»»

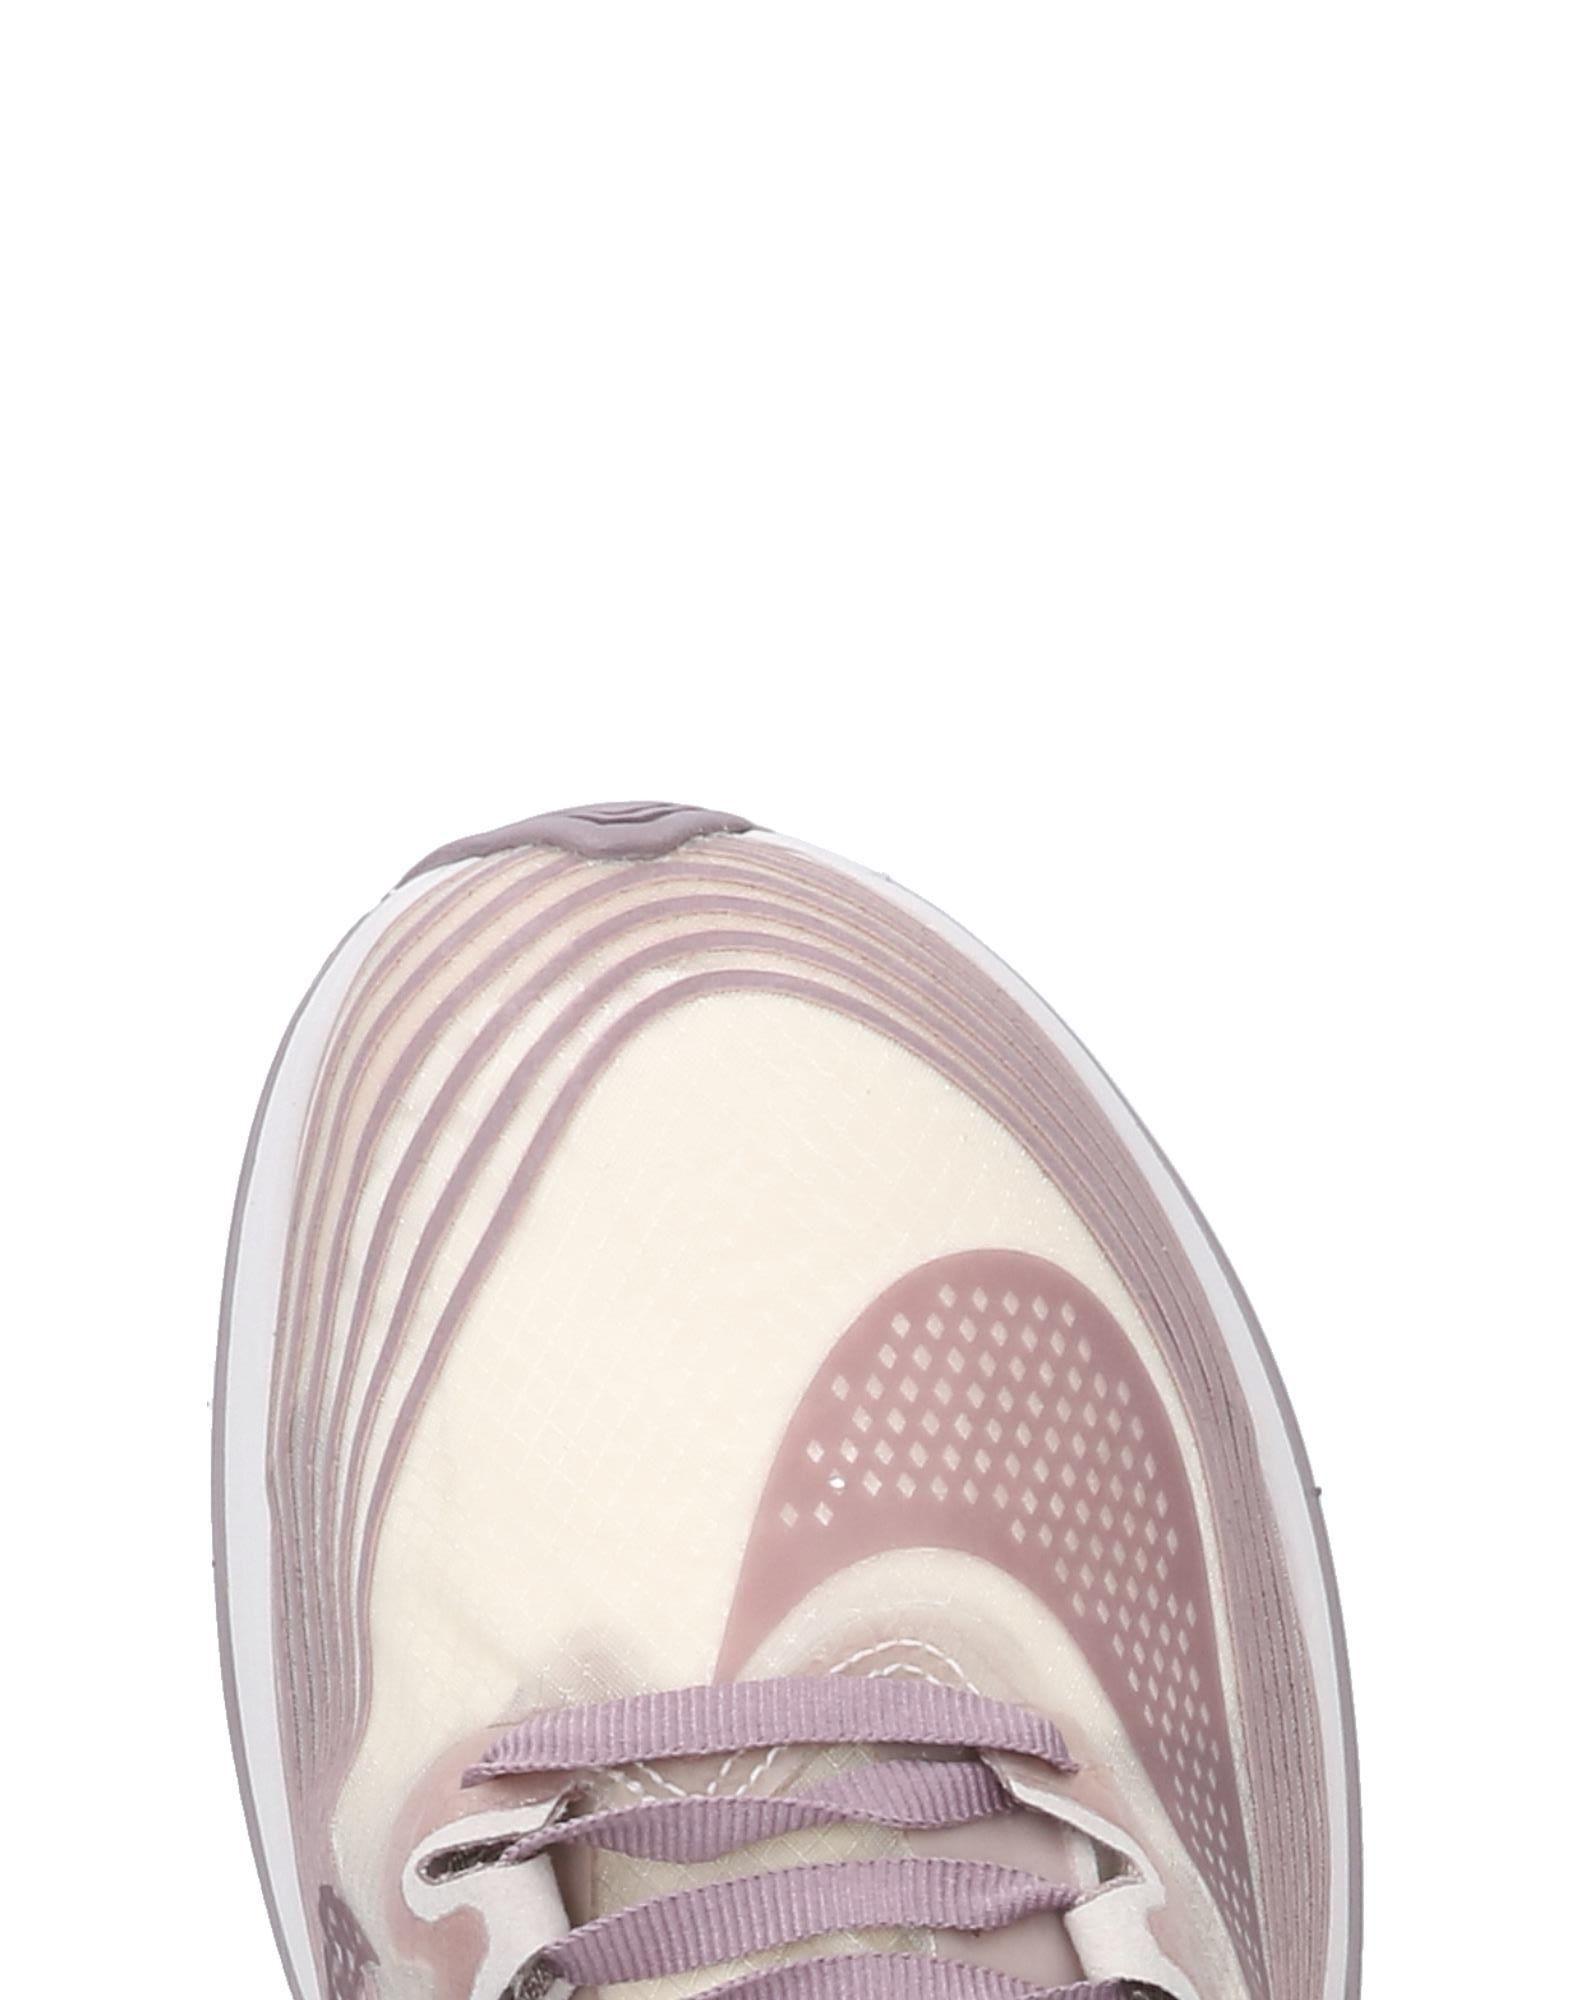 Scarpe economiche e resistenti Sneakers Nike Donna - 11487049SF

««
»»

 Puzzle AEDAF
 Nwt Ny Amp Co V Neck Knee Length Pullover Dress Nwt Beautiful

««

Extract from the listing above the lines between the line containing "Puzzle AEDAF" and the line containing "Nwt Ny Amp Co", keeping both of those lines. Output nothing else.

▶ Written reply
 Puzzle AEDAF
 Nwt Ny Amp Co V Neck Knee Length Pullover Dress Nwt Beautiful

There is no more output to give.